Overview

This excersie shows how to estimate genomic heritability from Bayesian merker-based regression. Recall that genomic heritability is given by \(h^2_g = \frac{\sigma^2_g}{\sigma^2_g + \sigma^2_e}\), where \(\sigma^2_g\) is the estimate of genomic variance and \(\sigma^2_e\) is the estimate of residual variance.

Data

We will use the mice data available in the BGLR R package.

library(BGLR)
data(mice)
y <- mice.pheno$Obesity.BMI
W <- mice.X
dim(W)

Quality control

We will perform quality control by removing markers with MAF < 0.1.

freq <- colSums(W) / (2*nrow(W))
maf <- ifelse(freq > 0.5, 1-freq, freq)
maf.index <- which(maf < 0.1)
length(maf.index)
W <- W[, -maf.index]
freq <- freq[-maf.index]
dim(W) # 1814 9340

Standarization of marker matrix

We will create type marker matrices. Wc: a centered marker matrix. Wcs: a centered and scaled marker matrix.

Wc <- scale(W, center = TRUE, scale = FALSE)

Wcs <- scale(W, center = TRUE, scale = TRUE)

Genomic relationship matrix

We will create two types of VanRaden’s genomic relationship matrices: G1: VanRaden’s first genomic relationship matrix. G2: VanRaden’s second genomic relationship matrix.

G1 <- tcrossprod(Wc) / sum(2*freq*(1-freq))

G2 <- tcrossprod(Wcs) / ncol(Wcs)

GBLUP

Genomic best linear unbiased prediction (GBLUP) is given by \[\begin{align*} \mathbf{y} &= \mathbf{Xb} + \mathbf{Zg} + \mathbf{e} \\ \mathbf{g} &\sim N(0, \mathbf{G}\sigma^2_g) \\ \mathbf{e} &\sim N(0, \mathbf{I}\sigma^2_e) \end{align*}\] where \(\mathbf{X}\) and \(\mathbf{Z}\) are the incidence matrices for fixed and random effects, respectively, and \(\mathbf{b}\) and \(\mathbf{g}\) are BLUE of fixed effect and BLUP of genetic values, respectively. Also, \(\sigma^2_g\) is the additive genetic variance and \(\sigma^2_e\) is the residual variance. By using the restricted maximum likelihood (REML), we can obtain the estimate of genomic heritability as

\[\begin{align*} h^2_g = \frac{\sigma^2_g}{\sigma^2_g + \sigma^2_e} \end{align*}\]

GBLUP with G1

Use mixed.solve function in the rrBLUP R package.

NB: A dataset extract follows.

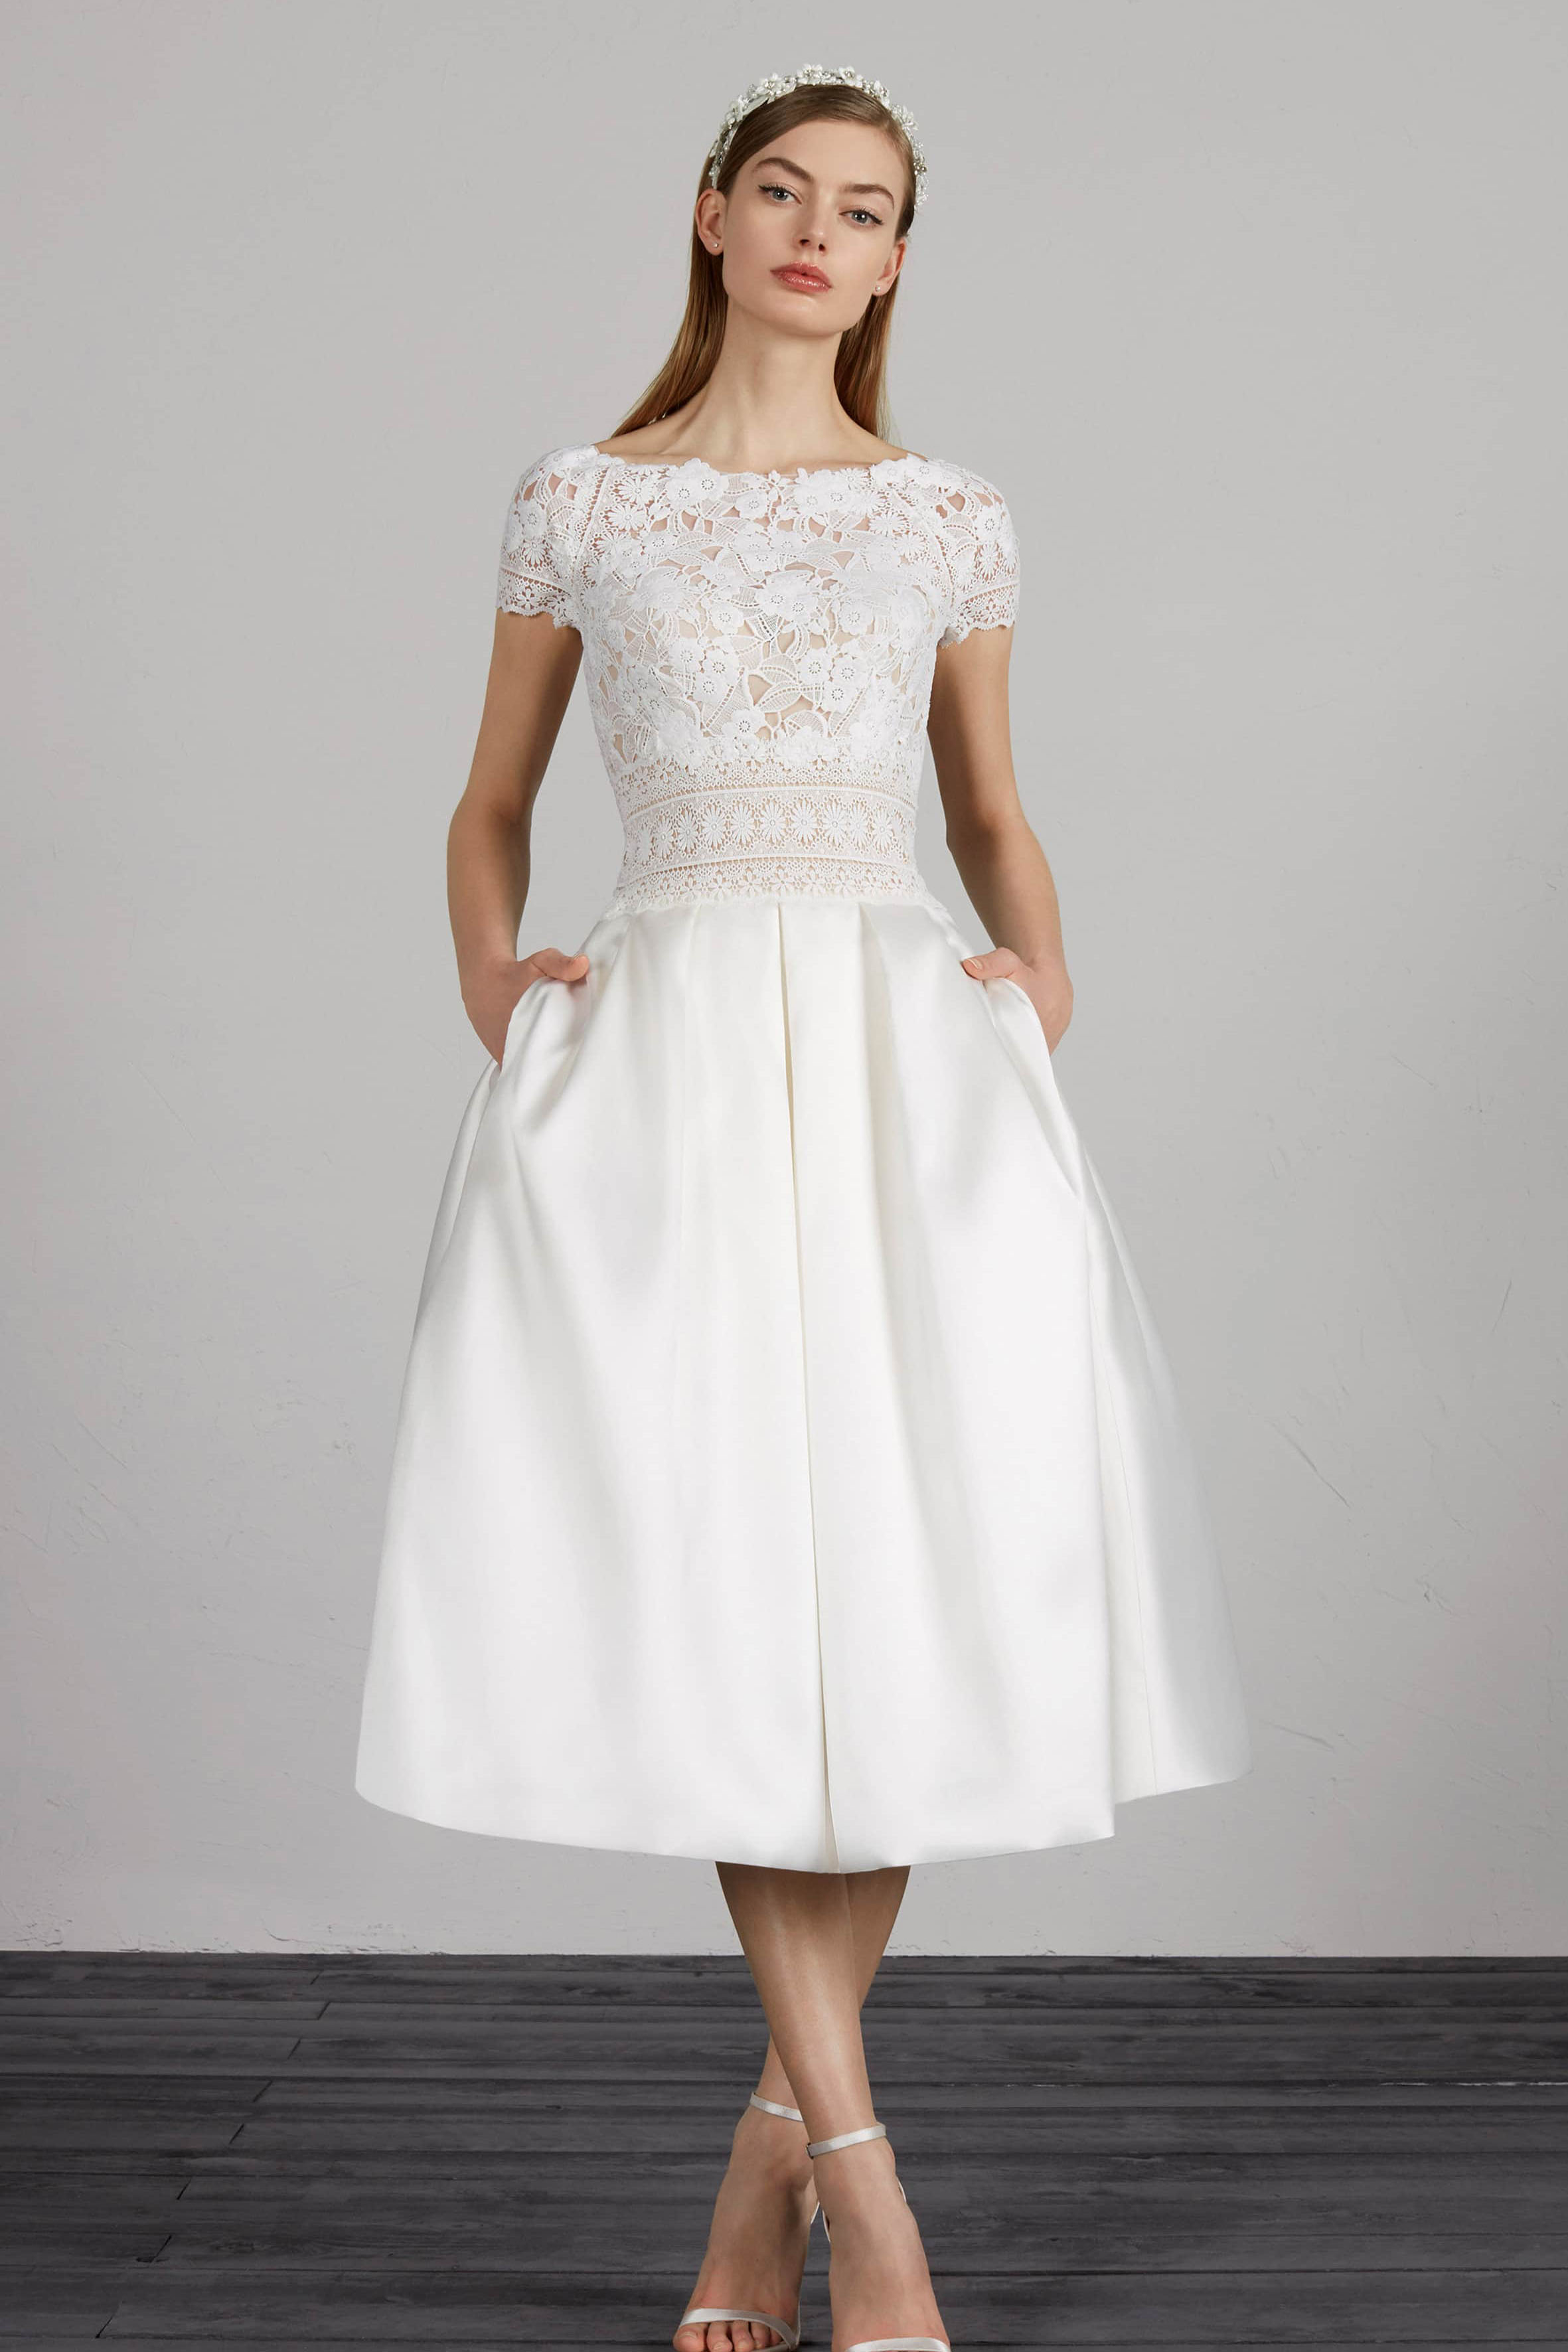 A knee length wedding dress with pockets

We will first estimate genomic heritability using GBLUP coupled with the G1 matrix.

library(rrBLUP)
fitG1 <- mixed.solve(y = y, K=G1)
# additive genetic variance
fitG1$Vu
# residual variance
fitG1$Ve
# genomic h2
fitG1$Vu / (fitG1$Vu + fitG1$Ve) # 0.195

The estimate of heritability from the G1-based GBLUP is 0.195.

GBLUP with G2

We will estimate genomic heritability using GBLUP again, but this time with the G2 matrix.

fitG2 <- mixed.solve(y = y, K=G2)
# additive genetic variance
fitG2$Vu
# residual variance
fitG2$Ve
# genomic h2
fitG2$Vu / (fitG2$Vu + fitG2$Ve) # 0.203

The estimate of heritability from the G2-based GBLUP is 0.203, which is slightly different from the one from the G1.

RR-BLUP

In ridge regression BLUP (RR-BLUP), we treat the markers as random and fit the whole markers simultaneously. Note that in RR-BLUP, we regress phenotype on the marker matrix instead of regressing on the \(G\) matrix as in GBLUP.

\[\begin{align*} \mathbf{y} &= \mathbf{Xb} + \mathbf{Wa} + \mathbf{e} \\ \mathbf{a} & \sim N(0, \mathbf{I}\sigma^2_a) \\ \mathbf{e} & \sim N(0, \mathbf{I}\sigma^2_e) \end{align*}\]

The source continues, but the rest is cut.